WORK INSTRUCTION >>
Write the listing below out again exactly, dropping the images.

== DATA SHOWN ==

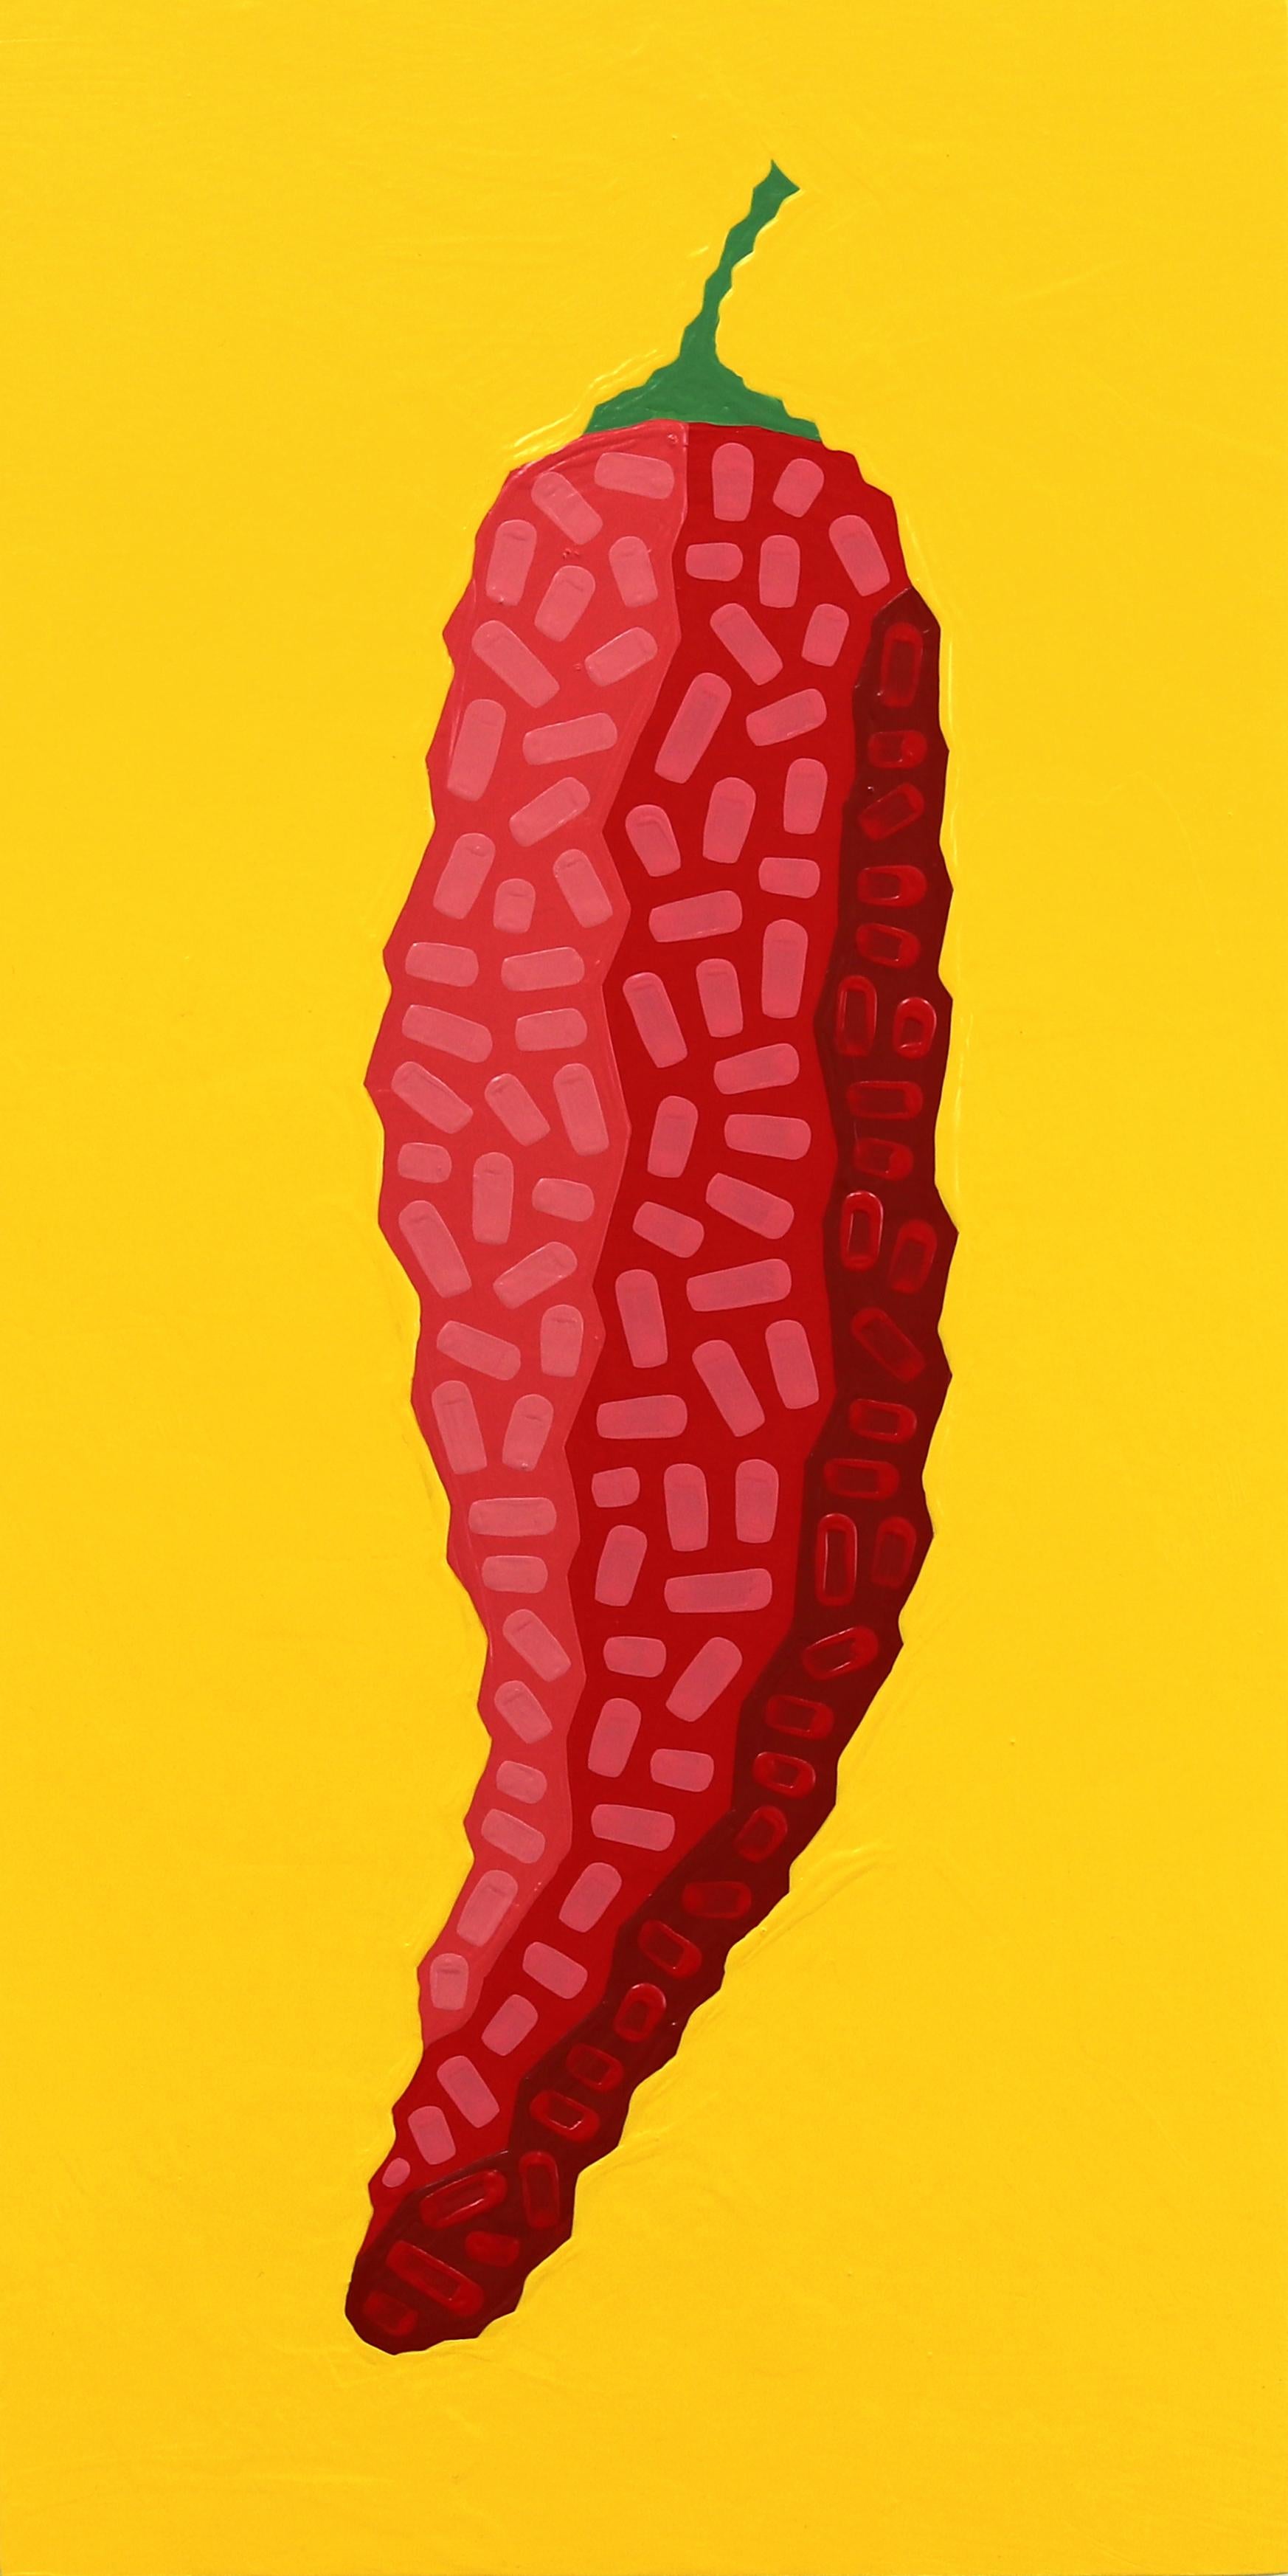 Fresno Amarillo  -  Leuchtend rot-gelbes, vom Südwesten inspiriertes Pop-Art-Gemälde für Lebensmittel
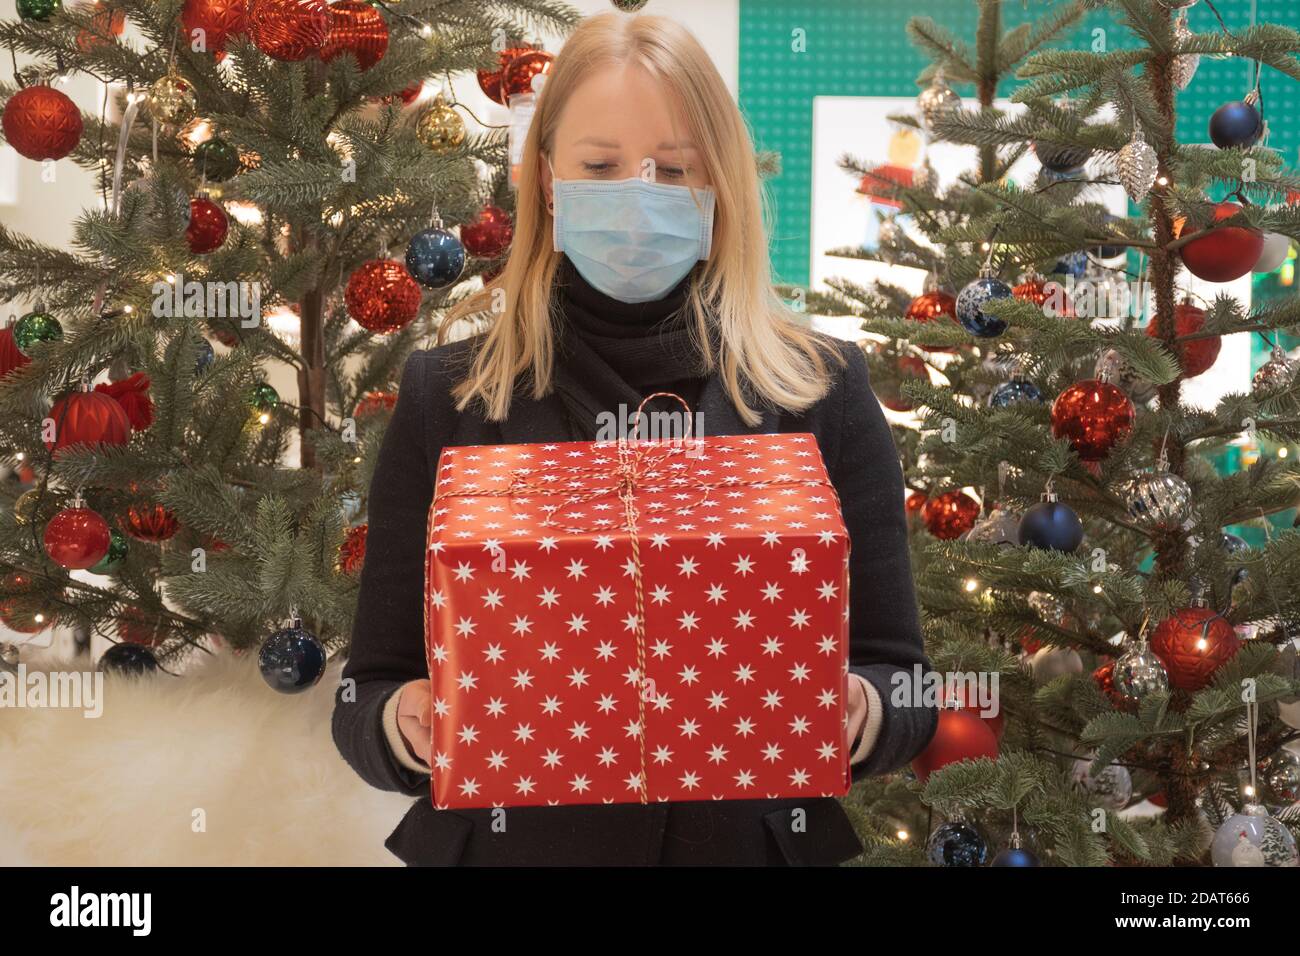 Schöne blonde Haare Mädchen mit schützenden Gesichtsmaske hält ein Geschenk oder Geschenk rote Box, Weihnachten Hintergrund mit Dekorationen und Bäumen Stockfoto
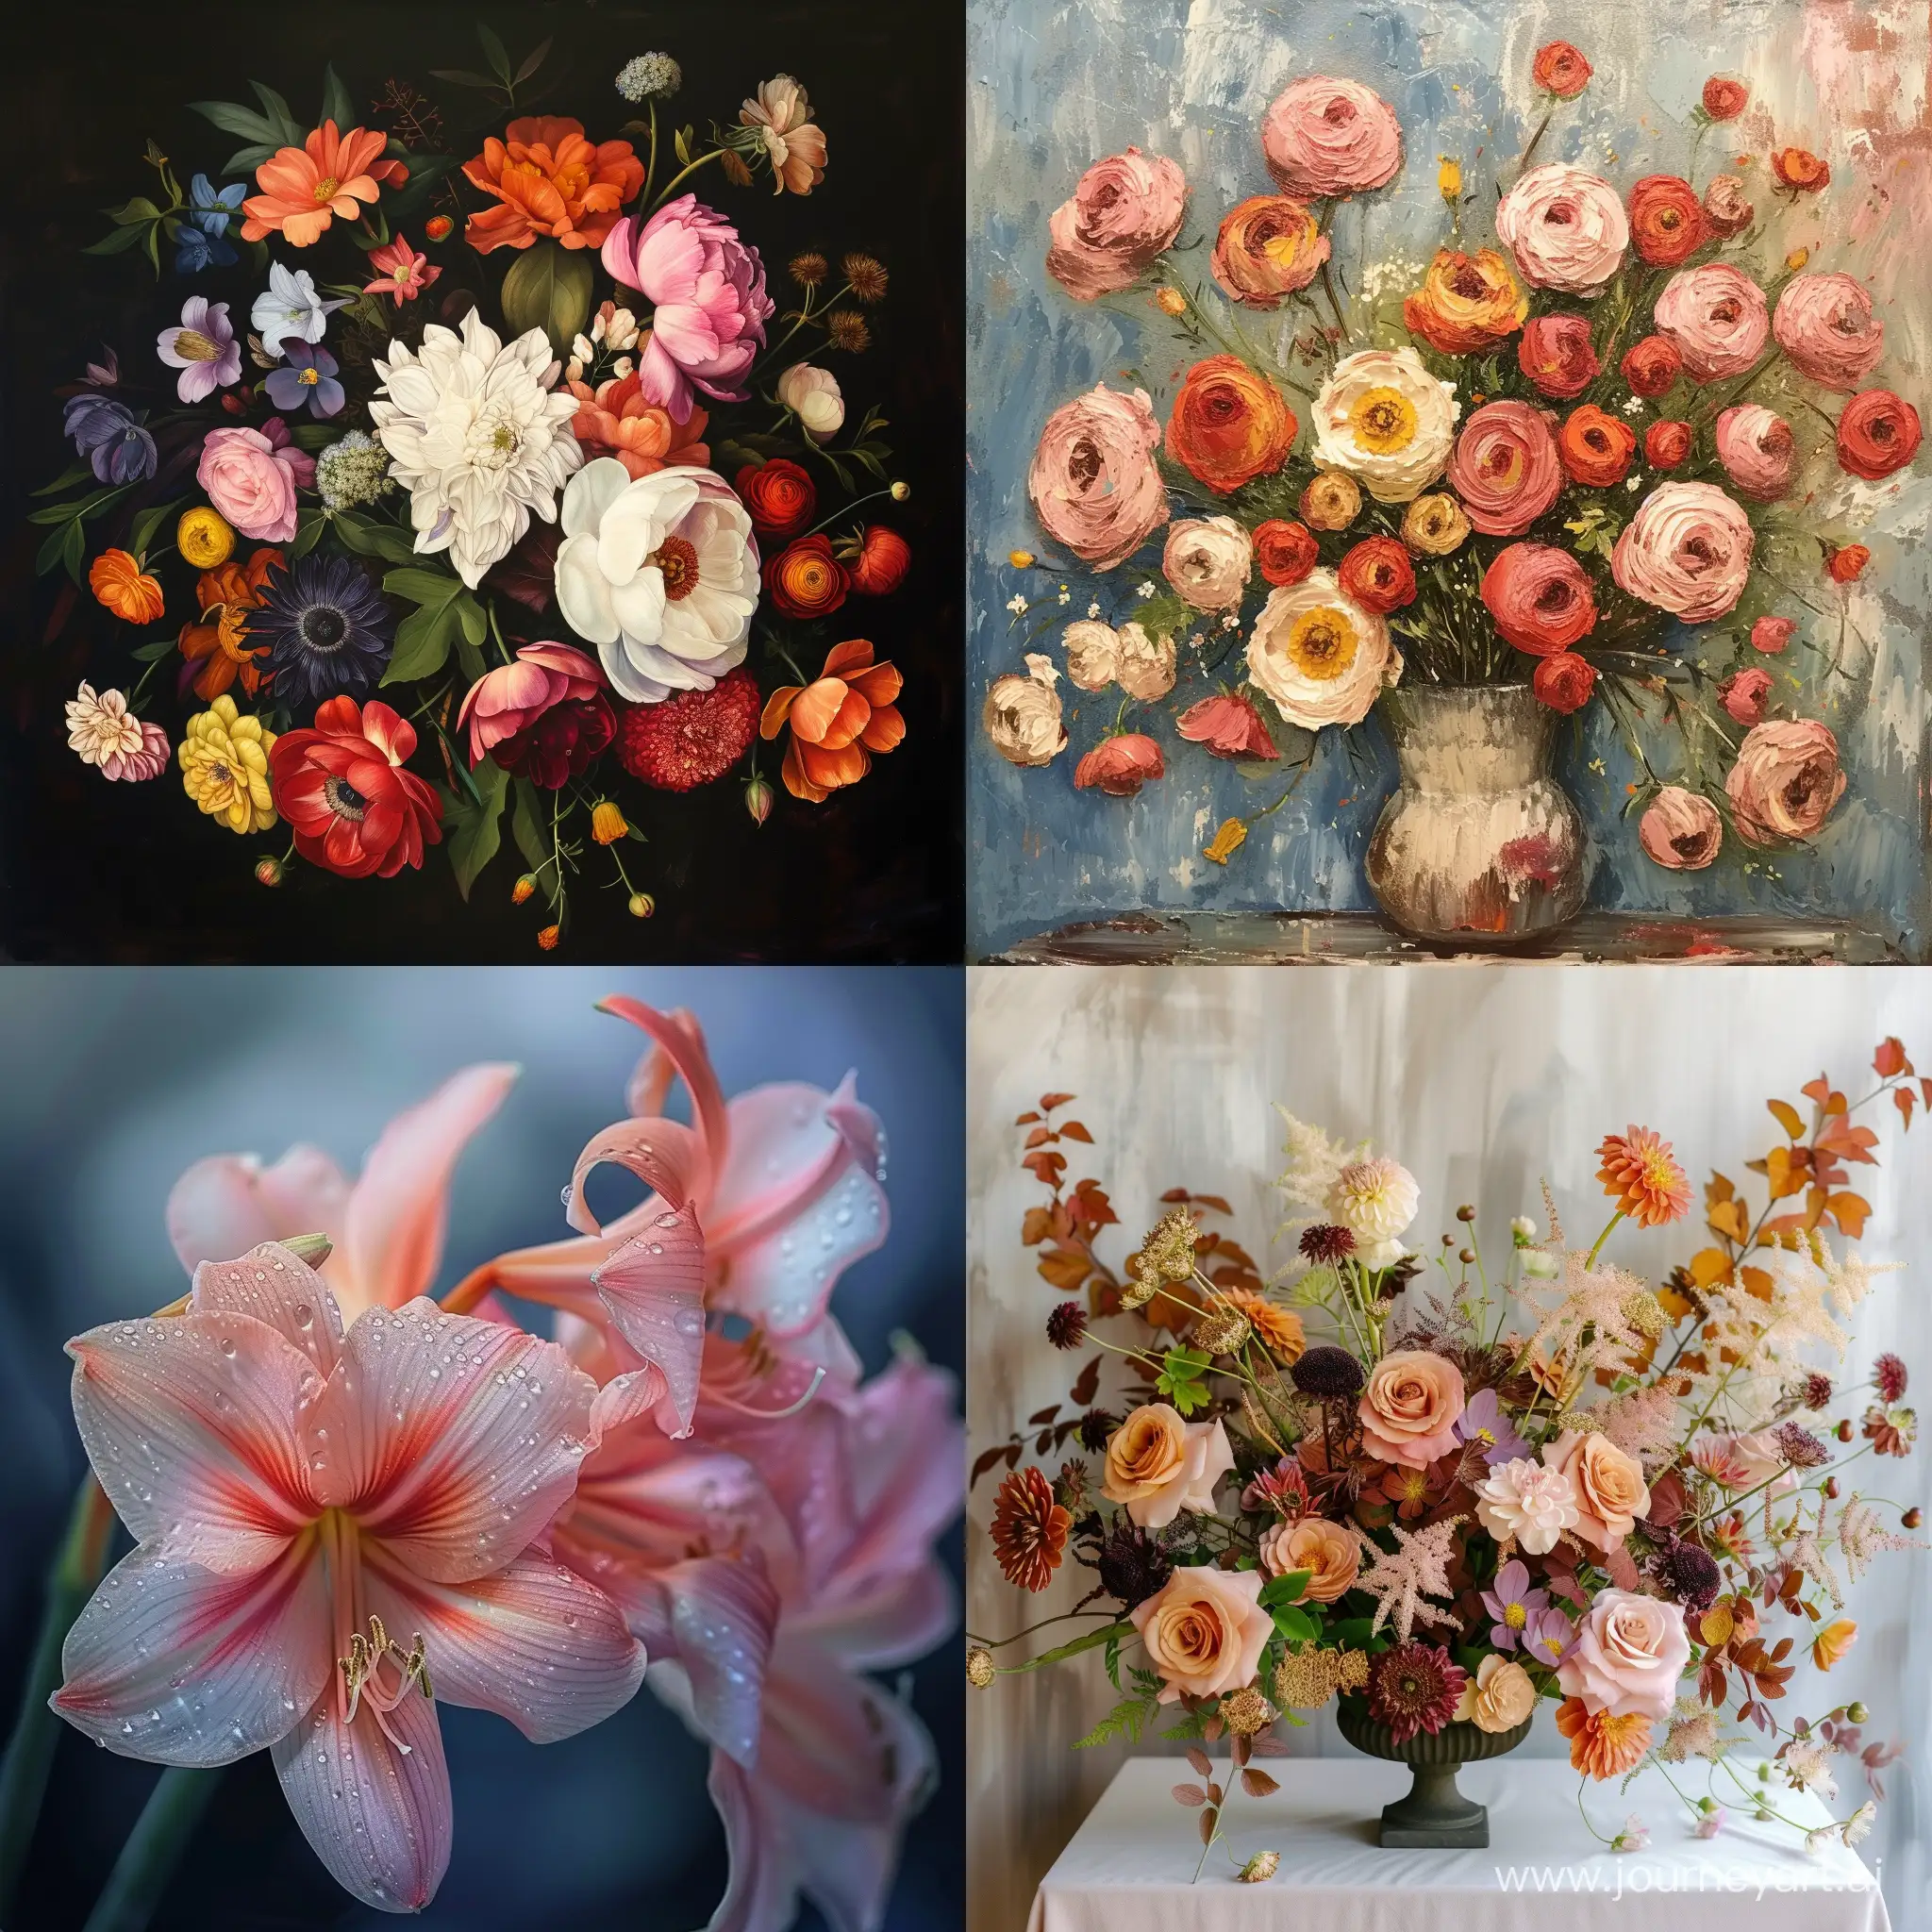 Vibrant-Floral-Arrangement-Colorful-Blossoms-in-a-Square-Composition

===

SOLUTION FOR THIS EXERCISE >>
 Fresno Amarillo  -  Leuchtend rot-gelbes, vom Südwesten inspiriertes Pop-Art-Gemälde für Lebensmittel
 Schöne blonde Haare Mädchen mit schützenden Gesichtsmaske hält ein Geschenk oder Geschenk rote Box, Weihnachten Hintergrund mit Dekorationen und Bäumen Stockfoto
 Vibrant-Floral-Arrangement-Colorful-Blossoms-in-a-Square-Composition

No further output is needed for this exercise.